There is more to good leadership that just being a great motivator

Part of good leadership is to set a clear direction, find your employees’ innate gifts and encourage them to use those gifts

Group of happy young business people in a meeting at office

Rumi says, “Something opens our wings. Something makes boredom and heartache disappear. Someone fills the cup in front of us. We taste only sacredness.” All human beings have great potential. The question every leader asks is “How do we tap into this enormous potential?”

A few years ago I was in Tajikistan, where I worked with a company that was struggling with both finances and motivating its staff. I was forewarned that the staff members did not have business sense because they had become accustomed to the Soviet system in which the state did everything. The private enterprise system was foreign to them.

My job was to motivate the staff, and I was given two full days to accomplish this. After flying to Tajikistan and getting a VIP welcome at the airport, I was brought back to reality when I travelled by jeep to the company’s headquarters. What was supposed to be a 12-hour drive in the mountains turned out to be a 19-hour commute with four flat tires and no real washrooms or restaurants along the way.

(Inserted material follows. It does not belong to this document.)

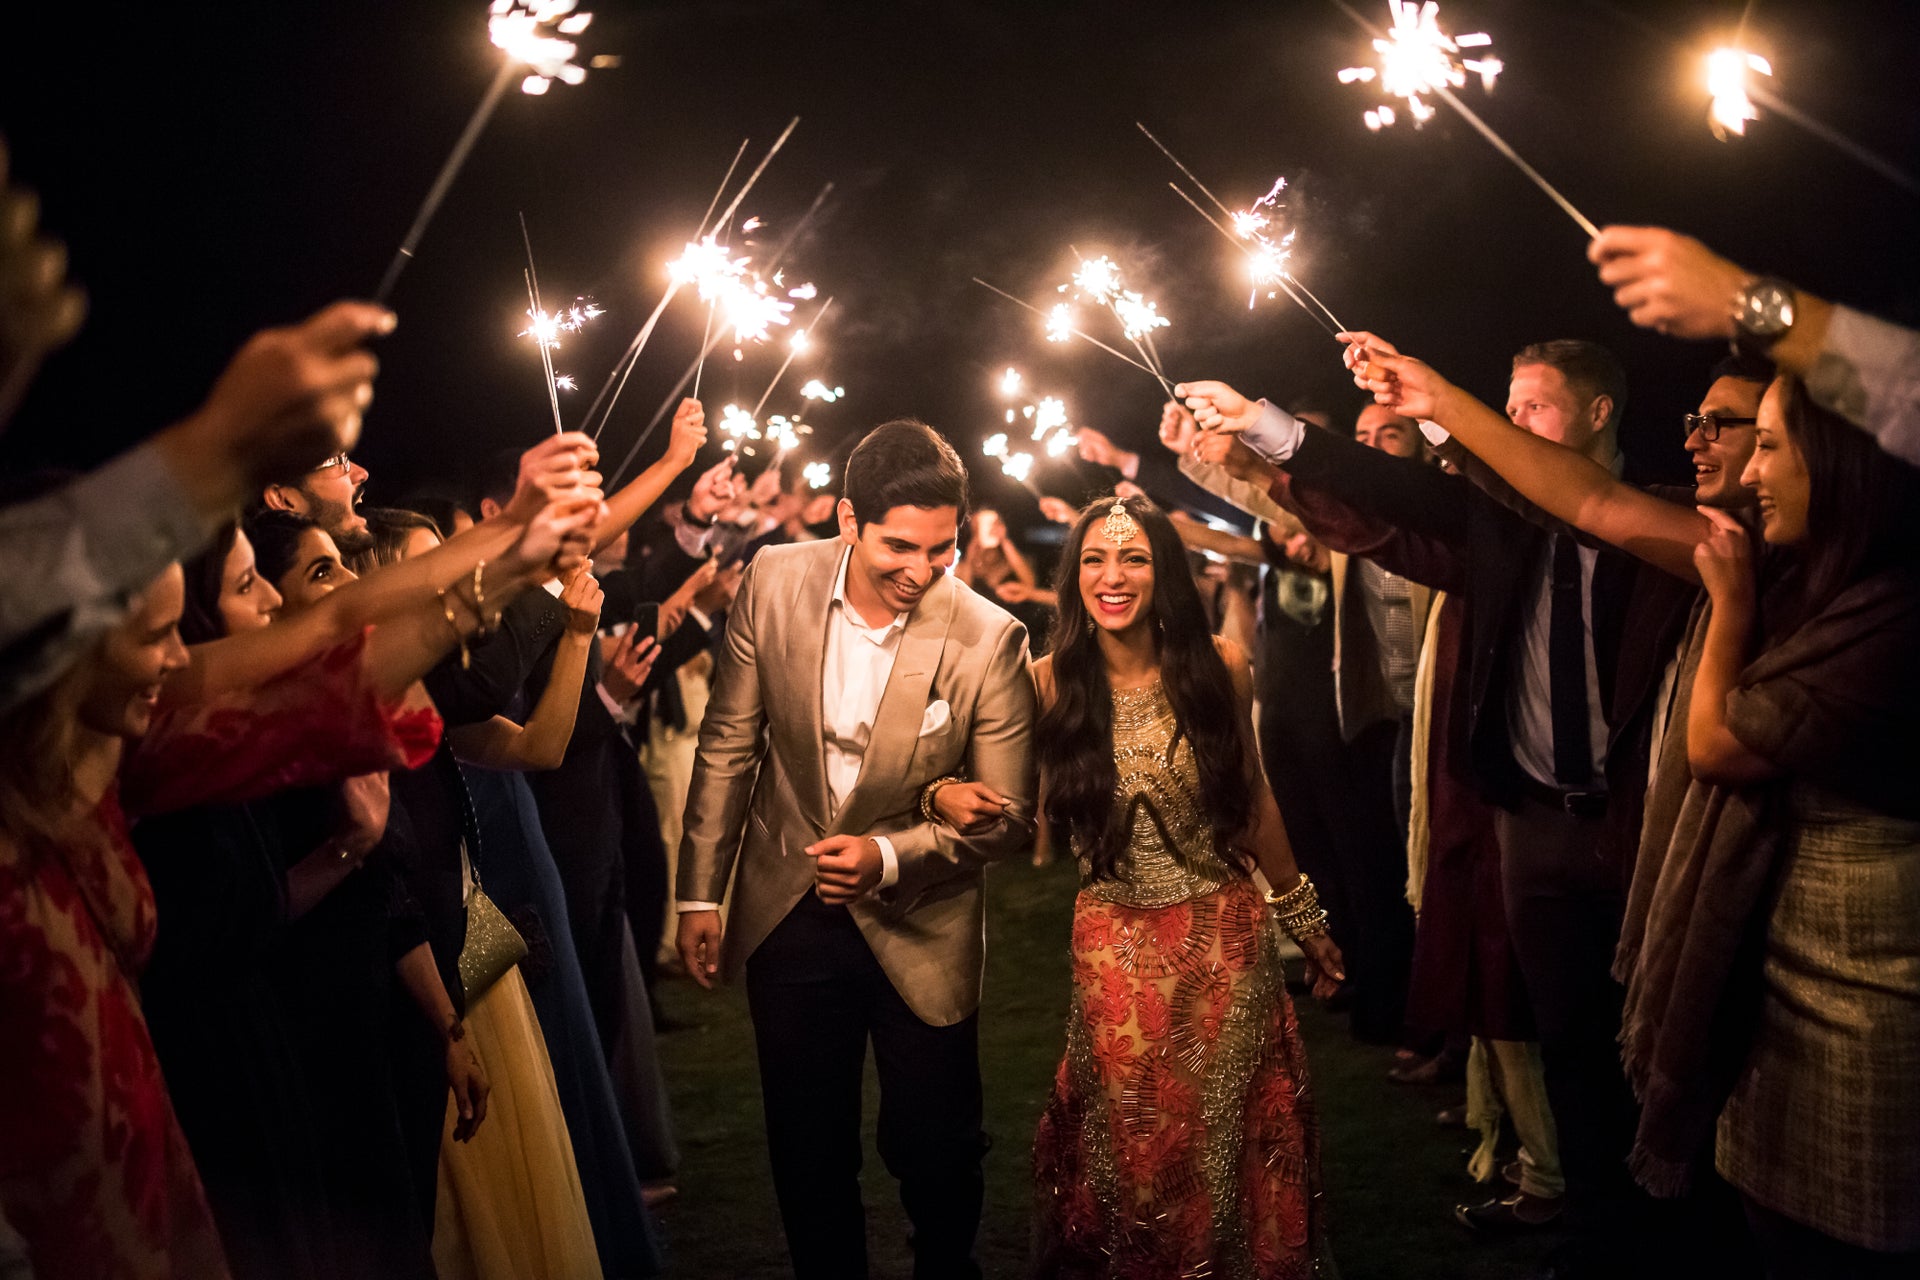 Bengalas en la boda de los recién casados en manos de alegres

We reached our destination at 3am. The view of the mountains was nothing short of spectacular. Getting out of the car, high in the mountains, I was greeted by thousands of stars, each seemingly bigger than the earth. I was watching with my entire five-foot-seven-inch height. If I’d ever wanted to learn a lesson in humility, it was right there.

Getting out of the car, high in the mountains, I was greeted by thousands of stars, each seemingly bigger than the earth

“I won’t motivate them”

At 8am the CEO was knocking on my door, saying, “Hey, Mr Motivator, please come and motivate my people.” I told the CEO that I was not doing that. He was surprised because that was the purpose of my engagement.

I told him that what I wanted to do was spend the first of my two days interviewing his top 25 people. He didn’t think that was going to help because they had no idea about business. I told him that didn’t matter because I needed to understand the challenges from their perspective before I could motivate them. I did not leave him much choice.

I spent the entire day interviewing his top 25 people, many of them with the help of a translator. I asked them three questions:

  1. Do you have a clear idea of the vision and mission of your company?
  2. What are the big roadblocks preventing you from working at your best?
  3. If you were the CEO of the company, how would you run it differently?

As they responded, I made notes and ended up with about 30 pages. In the evening I asked the CEO to assemble these top 25 people at 8am the next day. He asked me when I was going to start motivating. I told him, “Sometime tomorrow.”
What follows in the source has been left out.